Date: Tue, 01 Mar 2016 23:30:00 -0000	[thread overview]
Message-ID: <nb58m0$bli$1@ger.gmane.org> (raw)
In-Reply-To: <CAFD1m3FjyRiYtKzyERpsX08A6QiWNKw27yhKt8cv=DZ4aNsVXQ@mail.gmail.com>

On 2016-03-01, John Carter <john.carter@taitradio.com> wrote:

>> Congratulations, your purchase of the Altera Nios II Development
>> Kit - either the Stratix® II FPGA Edition or the Cyclone® II FPGA
>> Edition, entitles you to a free copy of eCosCentric's eCosPro
>> Starter Kit. The Starter Kit includes all the necessary tools,
>> runtime code and documentation you need to develop royalty and
>> license fee free embedded applications running on Altera's Nios II
>> core.
>
> Alas, we have Cyclone V developer kits and intent to deploy on
> Cyclone V.
>
> I have a vague memory of reading or hearing that Altera paid for the
> Nios port with the aim of selling more chips.

Yep.

I was peripherally involved with the initial port of eCos to the
NIOS2.  At least partially in response to our project's requirements,
Altera contracted with somebody to do the basic port to the NIOS2
architecture and write a couple eCos drivers for some peripherals
(opencores Ethernet, 16650 UART, ???).  The result was a huge mess
that was "integrated with" (more like duct-taped onto the side of)
eclipse and Quartus.  In theory, it was all point-and-grunt and
required no actual knowledge of the hardware or experience with eCos
or embedded software. [Because those are the types of people you want
doing embedded software development, right?]

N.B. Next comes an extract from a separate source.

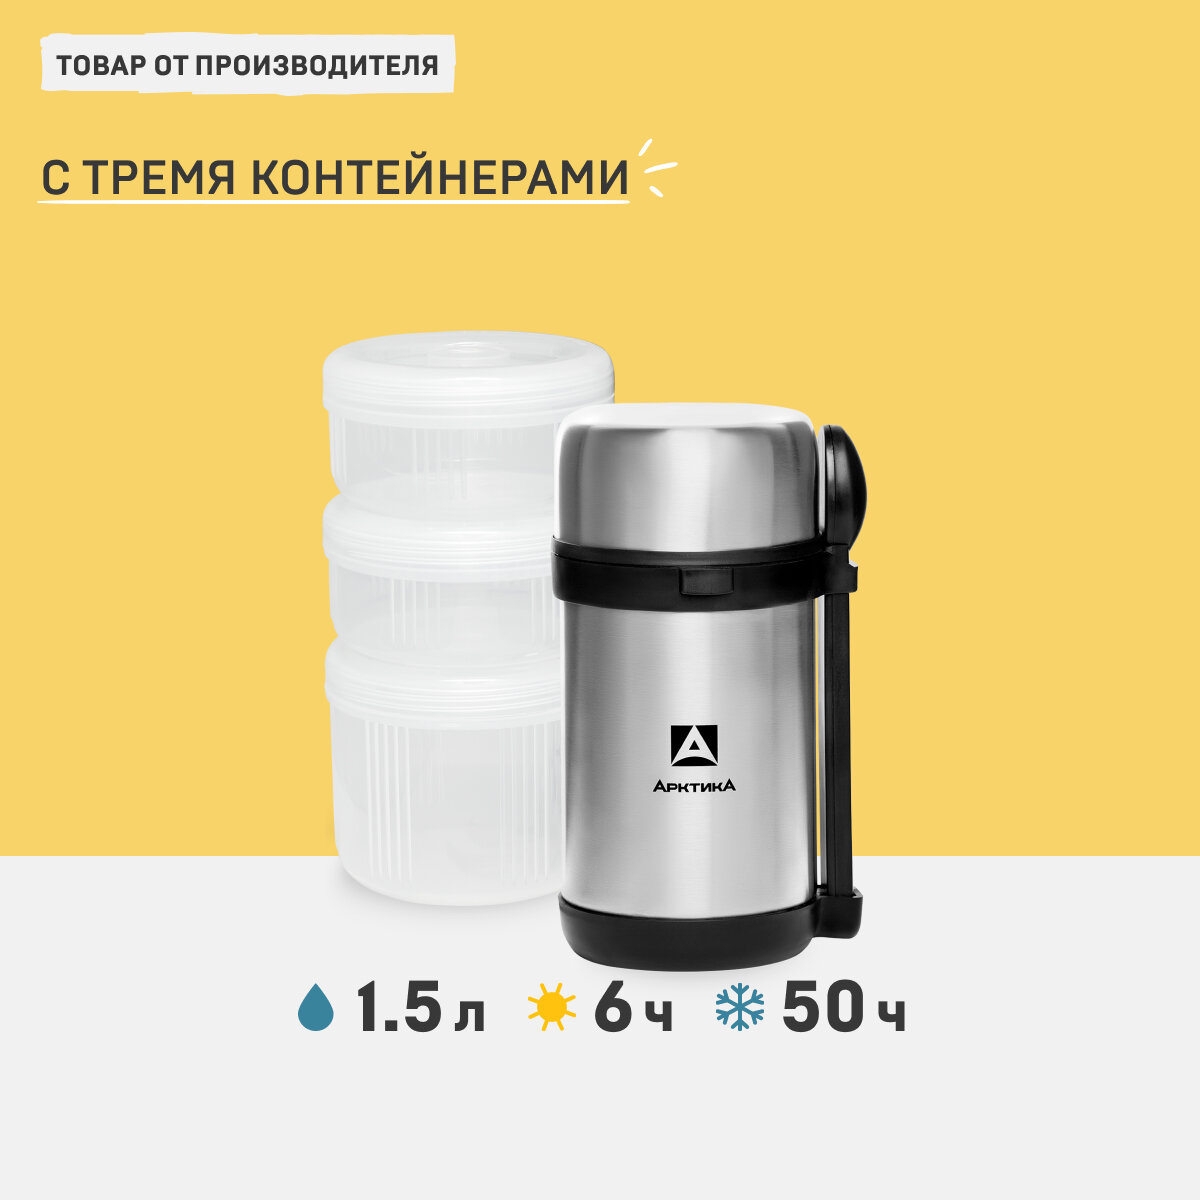 Термос для еды Арктика 403-1500 серебристый 1,5 литров вакуумный с тремя контейнерами, столовыми приборами (ложка, вилка) и ремешком в комплекте

IIRC, there were perl scripts that ran Java apps in order to generated
bash scripts that generated Tcl config files [I probably have the
order of those things wrong, but I vividly remember it involved Perl,
bash, Java, and Tcl]. Just to add to the fun, eclipse and Quartus both
crashed frequently and unpredictably.

It sort-of worked if you were lucky, the phase of the moon was right,
and as long as all you wanted to do was build the demo program for the
eval board using one particular set of versions of eclipse, Cygwin,
windows, and Quartus that were all installed exactly right.  However,
as soon as we tried to do anything at all custom, the whole thing
collapsed into a useless, smoking heap.

After trying for several months (mostly in vain) to work with this
system, we decided it just wasn't viable.  So, after many weeks of
work. I was able to rip off the duct tape and discard eclipse and
Quartus.  Using (I think) a .pof file, one or two command-line
utilities from a Quartus installation, and a home-made bash program, I
was able to extract relevent hardware info (e.g. clock speed and
addresses of memory and peripherals) from the .pof file and was then
able to configure and build eCos in a reliably and repatable manner
using normal command line tools.  Unfortunately, those Quartus
utilities were written in Java, so you still had to have a JRE
installed, but at least you didn't need Quartus and eclipse.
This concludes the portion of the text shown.